_Data shown_
○ ○ ○ ○

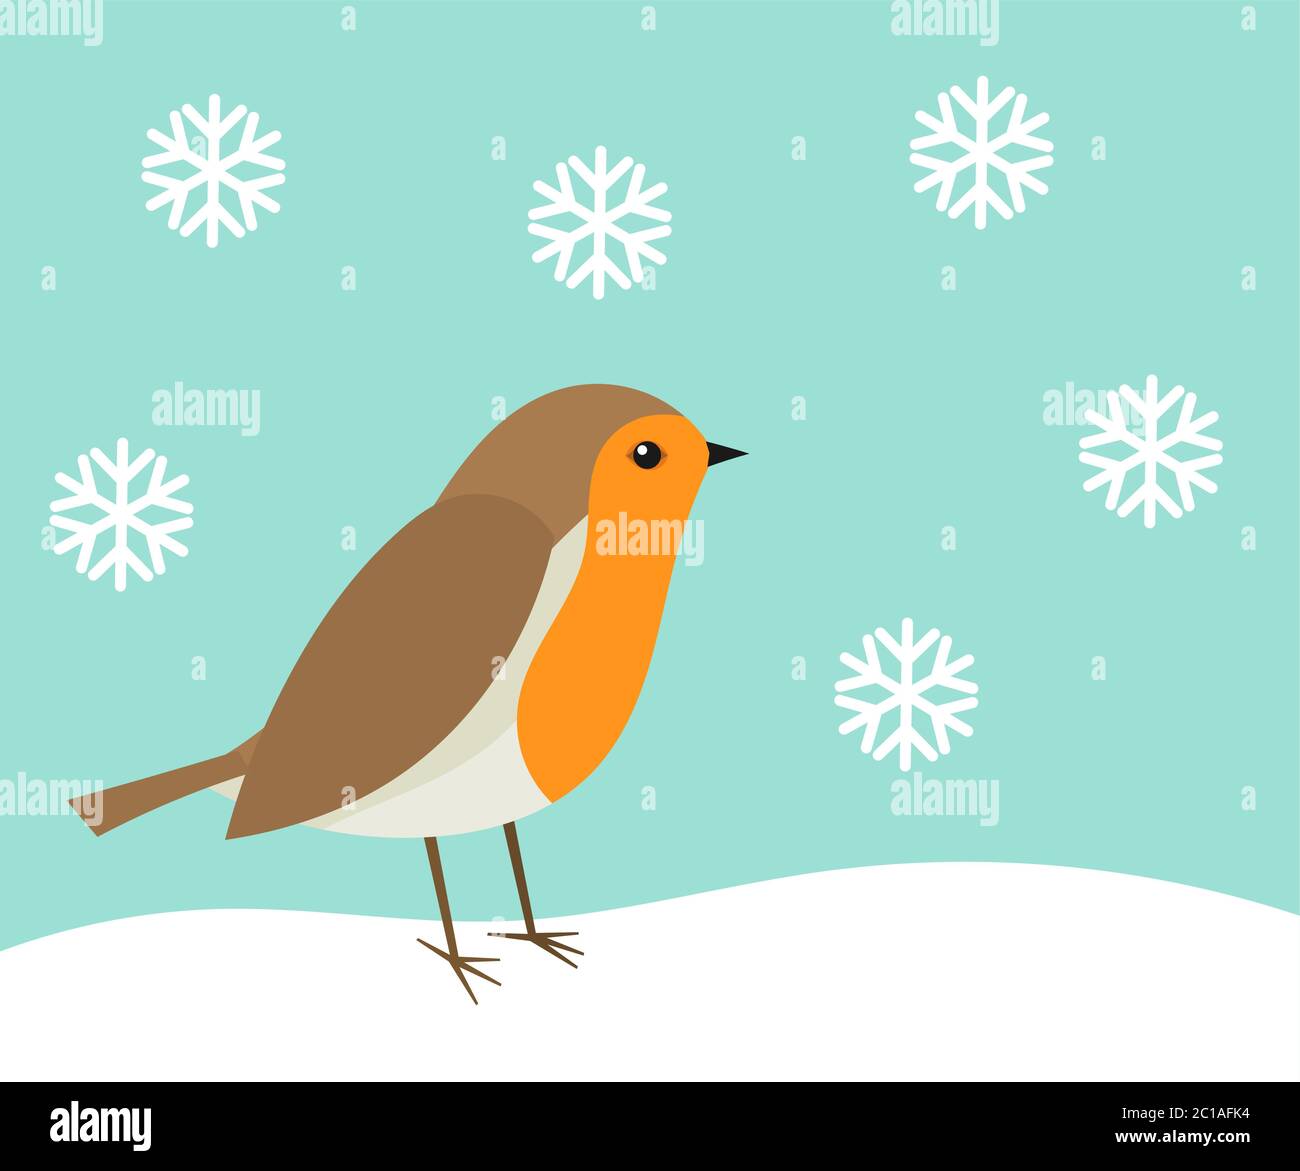 Joli oiseau de robin dans un paysage d'hiver. Illustration vectorielle. Illustration de Vecteur
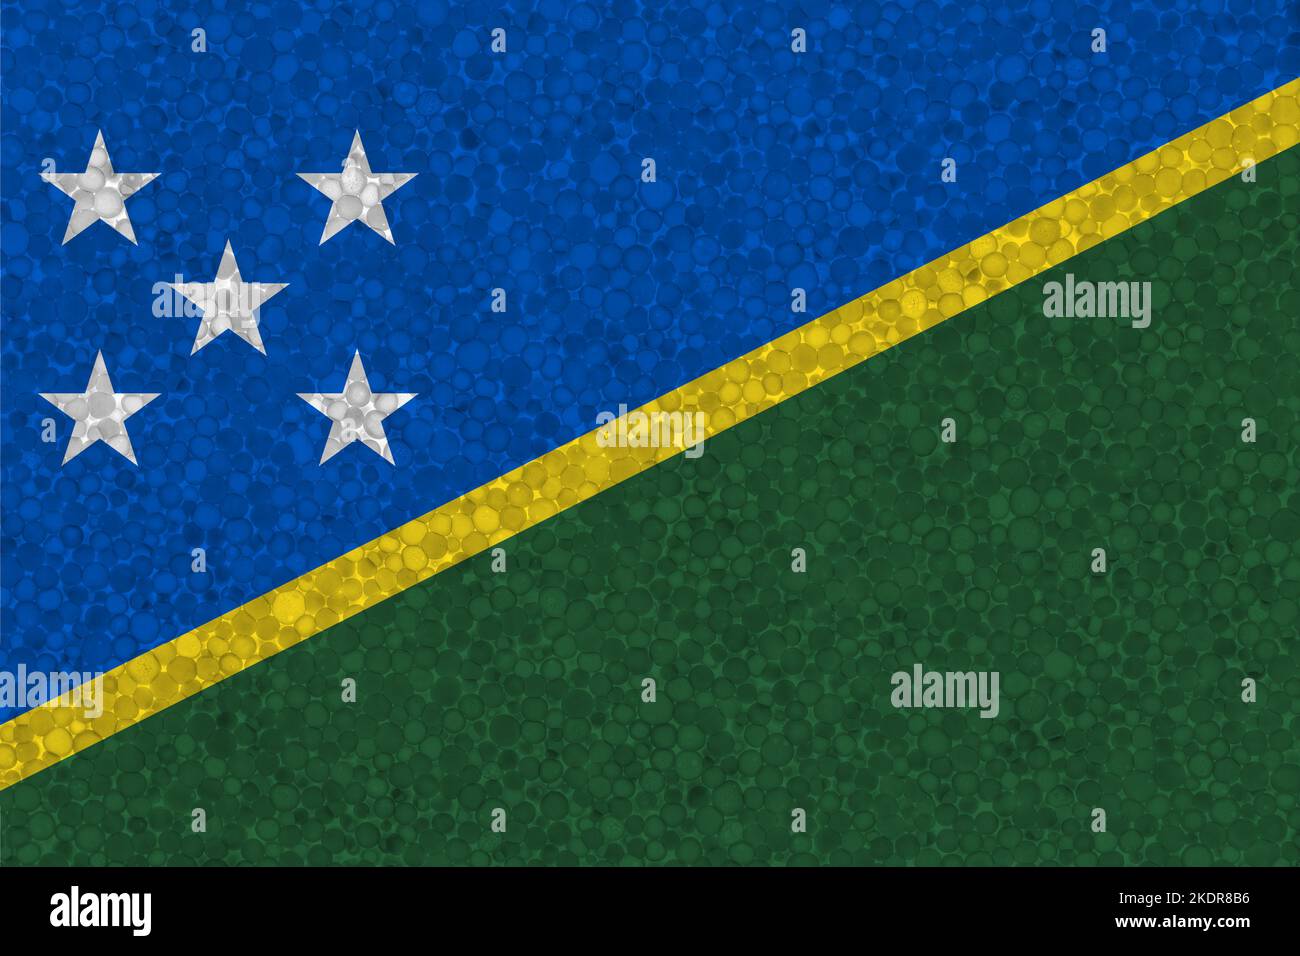 Drapeau des Îles Salomon sur la texture de la styromousse. Drapeau national peint sur la surface de la mousse plastique Banque D'Images
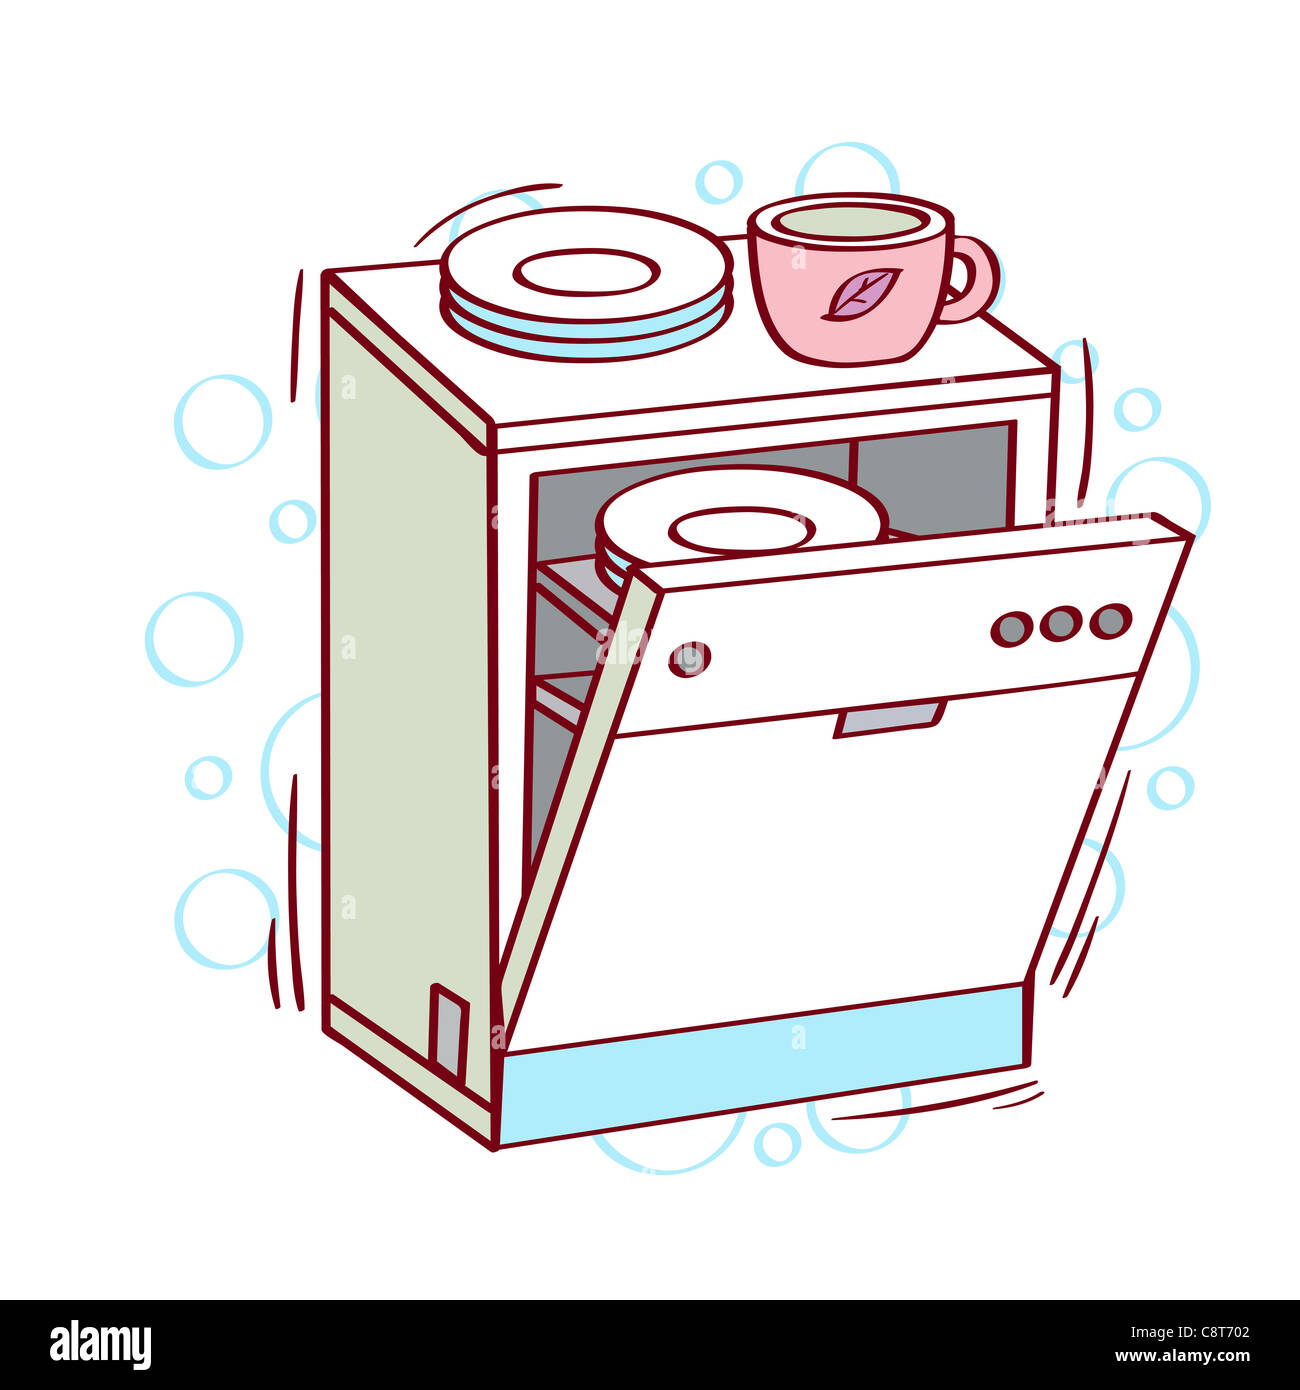 Illustration of dishwasher Stock Photo - Alamy
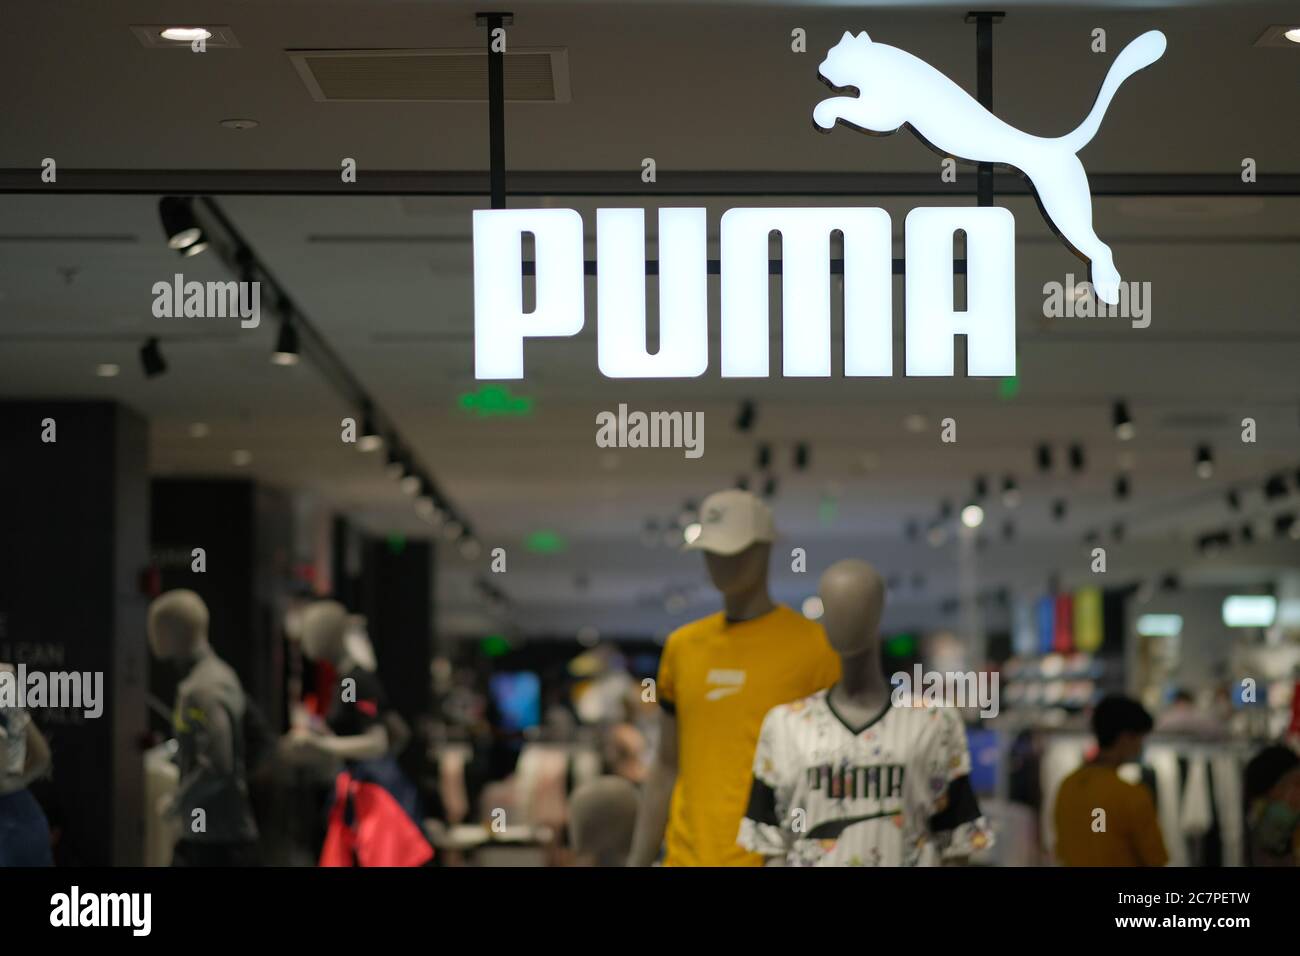 La Multinacional Alemana De Ropa Deportiva Puma Y Puma Select Tienda Vista  En Hong Kong Fotografía De Stock Alamy | sptc.edu.bd

○ ○ ○ ○

_What is required_
What is needed is an exact copy of every line from the one with "Illustration of dishwasher" to the end of the listing above, with the pictures left out.

_Solved problem_
 Illustration of dishwasher Stock Photo - Alamy
 La Multinacional Alemana De Ropa Deportiva Puma Y Puma Select Tienda Vista  En Hong Kong Fotografía De Stock Alamy | sptc.edu.bd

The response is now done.